Cletus L. Hull, III, The Wisdom of the Cross and the Power of the Spirit in the Corinthian Church: Grounding Pneumatic Experiences and Renewal Studies in the Cross of Christ (Eugene, OR: Wipf & Stock, 2018), pages x + 183, ISBN 9781532639258.

Cletus Hull provides an exegetical engagement with Paul’s Christology and Pneumatology from the first chapters of 1 Corinthians. His proposal is that, for Paul, these cannot be separated from one another particularly with regard to the life of the church as church. For Hull’s reading of Paul, Christ crucified is the enfleshment of the Spirit poured out in power, and the Spirit in power in the midst of the church is Christ crucified. This approach to “Christ crucified” by no means excludes such things as Christ’s life, resurrection, and ascension, but reimagine these in light of the cruciform Christology of Paul.

This volume is the edited fruit of Hull’s doctoral work at Regent University and thus bears some marks of such a project by way of historical bases, narrow exegesis, and proposals for application. Hull has divided his work into two broad sections: the first concerns background and the primary exegetical work, with the second proposing the theology of Pauline pneumatology in Paul’s Christology and conclusions for practical ministry.

Hull’s proposals concerning maintaining Spirit and Christ, cross and power, wisdom and weakness in proper relations drawing upon the work of Paul’s first letter to Corinth bear meditation and application in the local church.

The primary bases of first section includes chapters of exegesis, historical background of Corinth, ancient ideas of wisdom, power/weakness, and Pauline Christology and Pneumatology.
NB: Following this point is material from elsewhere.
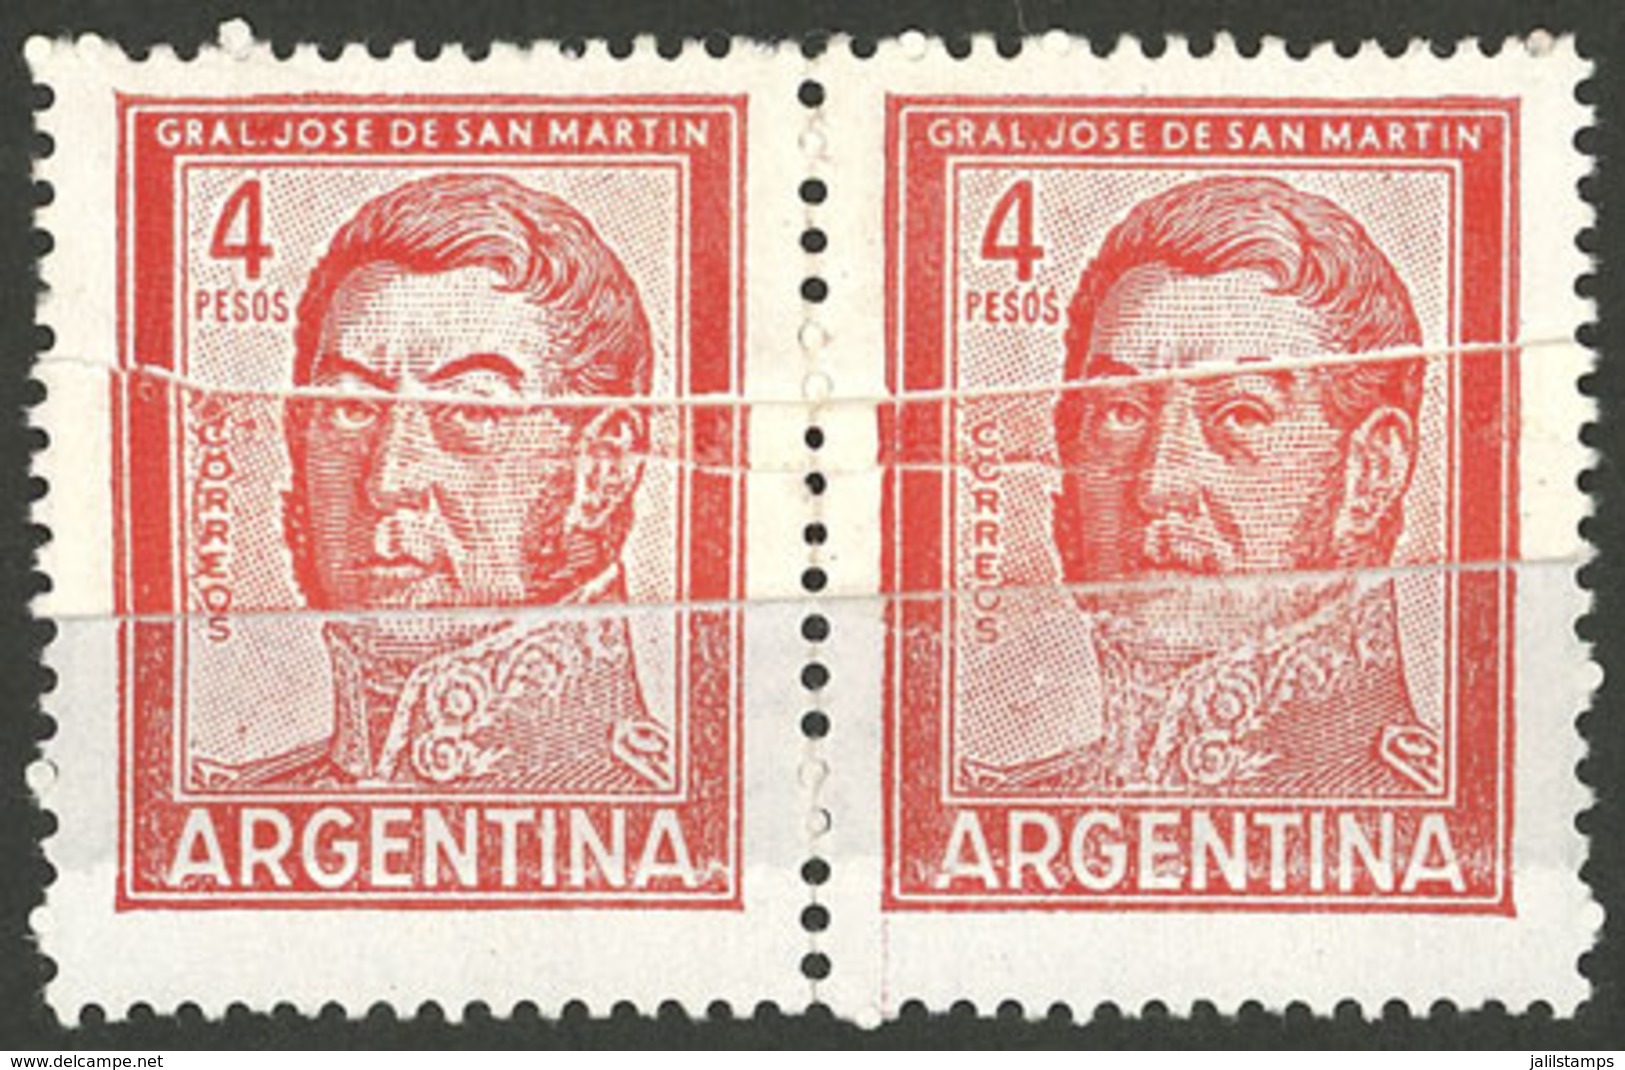 ARGENTINA: GJ.1139A, Pair With Spectacular END-OF-ROLL DOUBLE PAPER, VF Quality! - Ongebruikt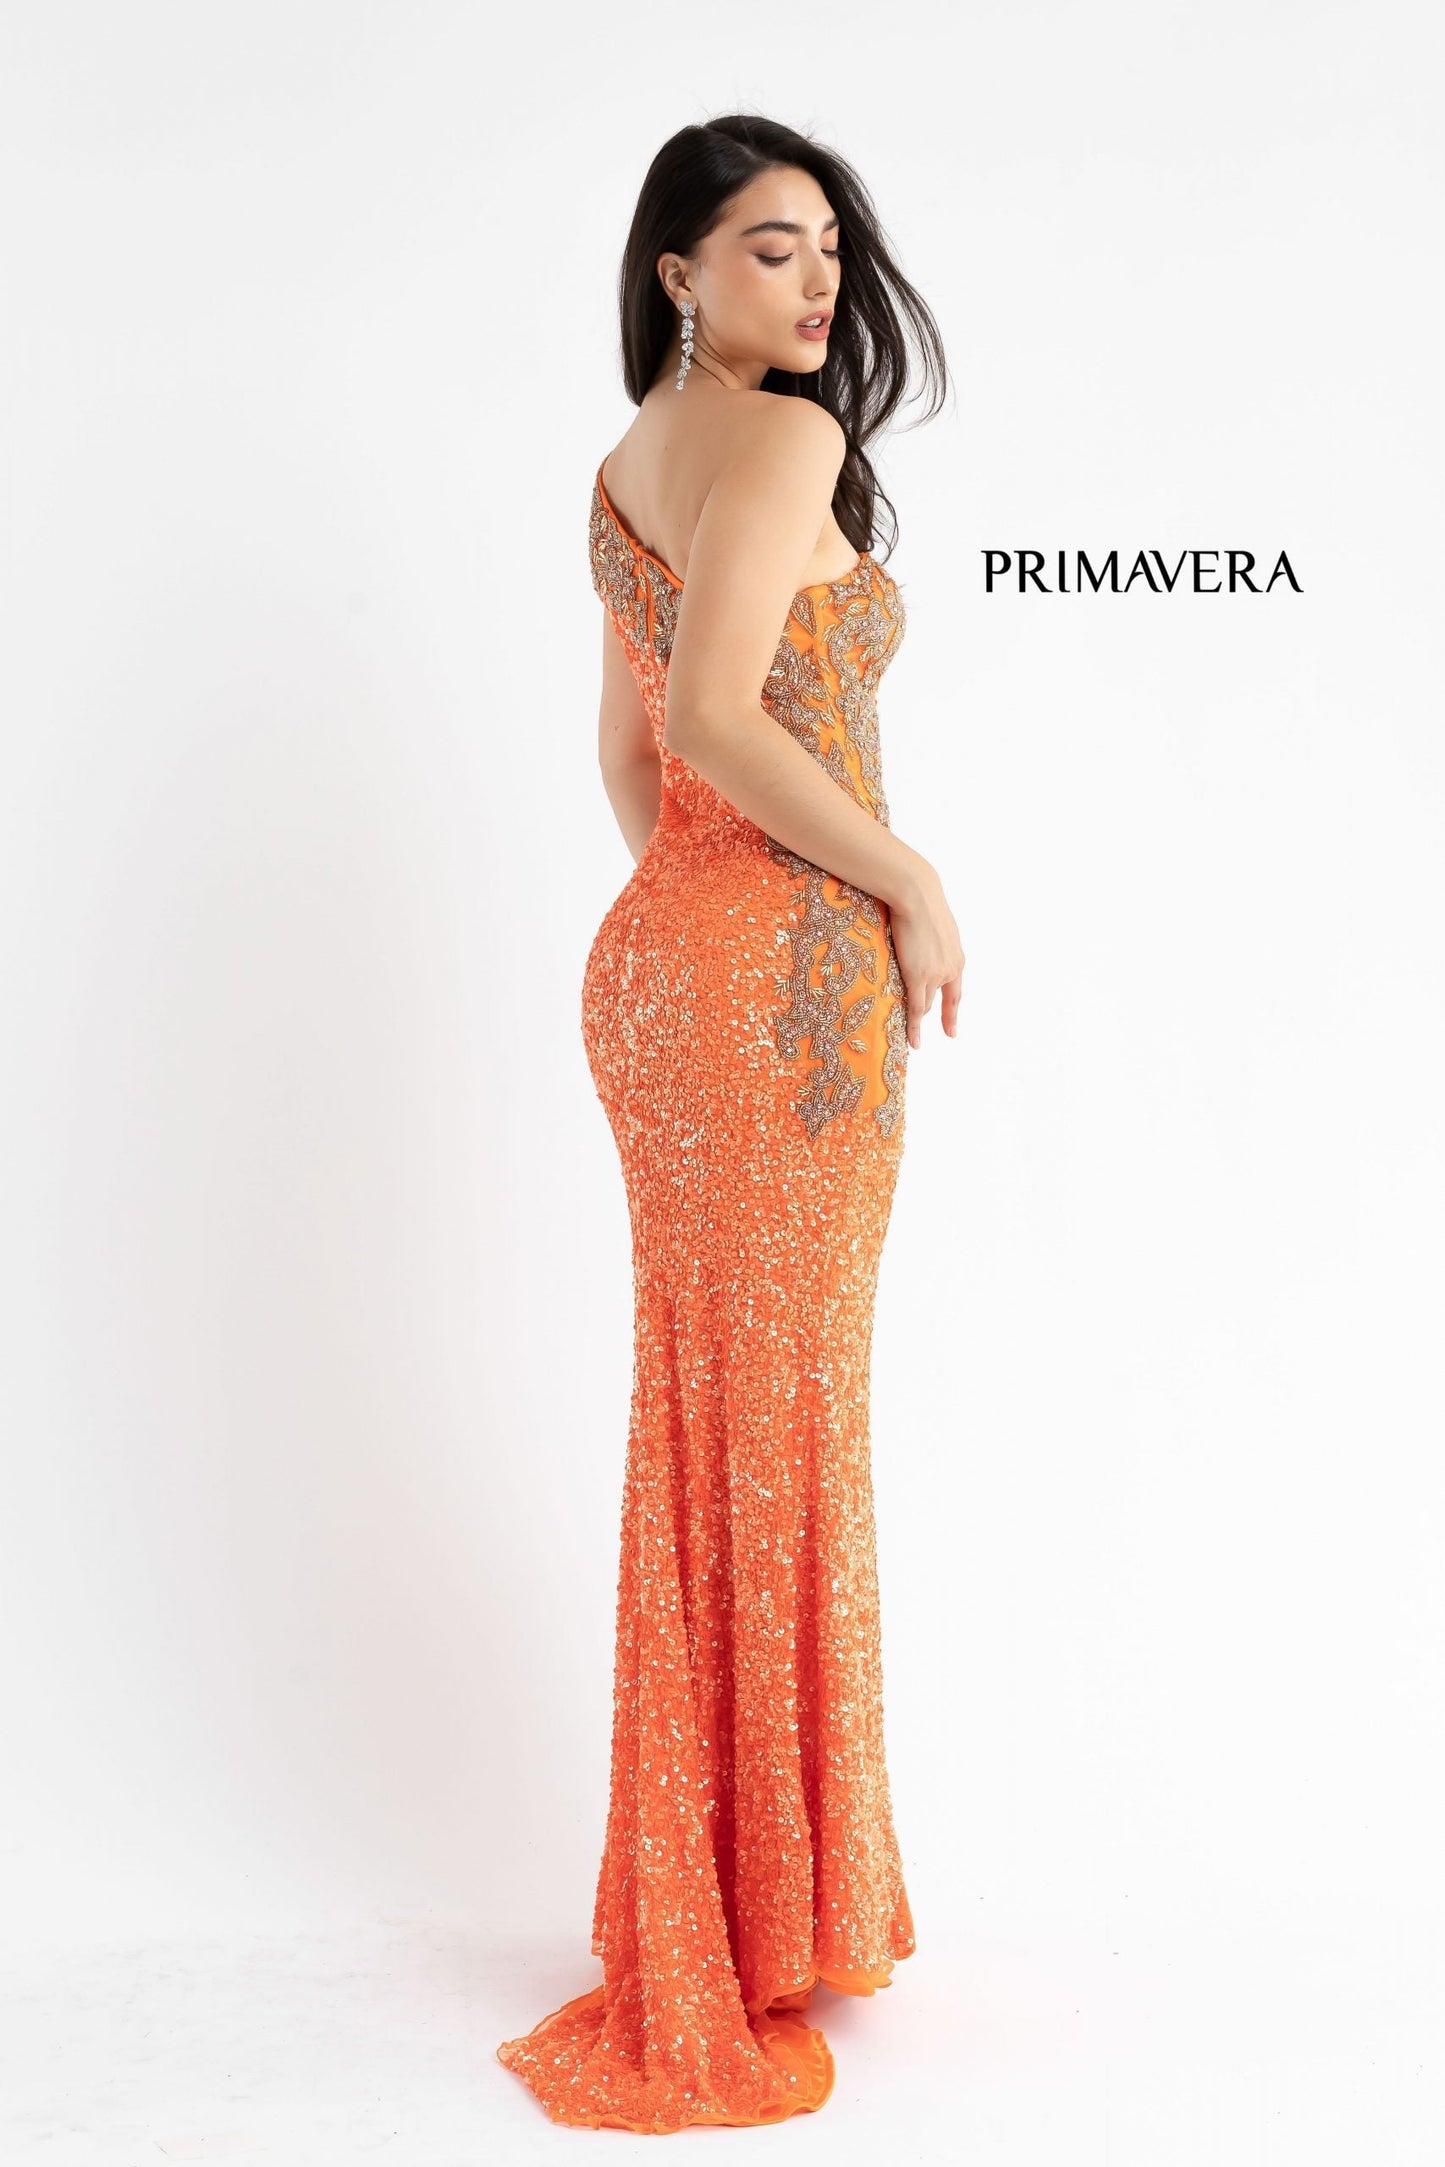 Primavera Couture 3637 is a stunning Long Fitted Sequin Embellished Formal Evening Gown. This One Shoulder Prom Dress Features Beaded Embellishments cascading from the one shoulder neckline down the side of the gown along the hip. Slit in skirt with a sweeping train. Great Pageant Formal Style.

It is this section which lays the groundwork for Hull’s proposed constructive contributions to Pauline Pneumatology and Christology toward ecclesiological implications. The background information pertaining to text, location, and ideas (wisdom, power/weakness) provide a solid basis for understanding Paul’s address to the Corinthians. In Hull’s engagement with “wisdom” he seeks to root Paul’s use of this term within the texts of the OT, the Hellenistic milieu, and the specifics of his understanding of Corinthian appropriations of such. His work on power/weakness (while offering an introduction to issues for Paul drawing upon the OT) would likely have benefitted from further engagement with the socio-cultural ramifications present in the Corinthian context and much of the emerging socio-rhetorical work carried out on the Corinthian correspondences over the last several decades.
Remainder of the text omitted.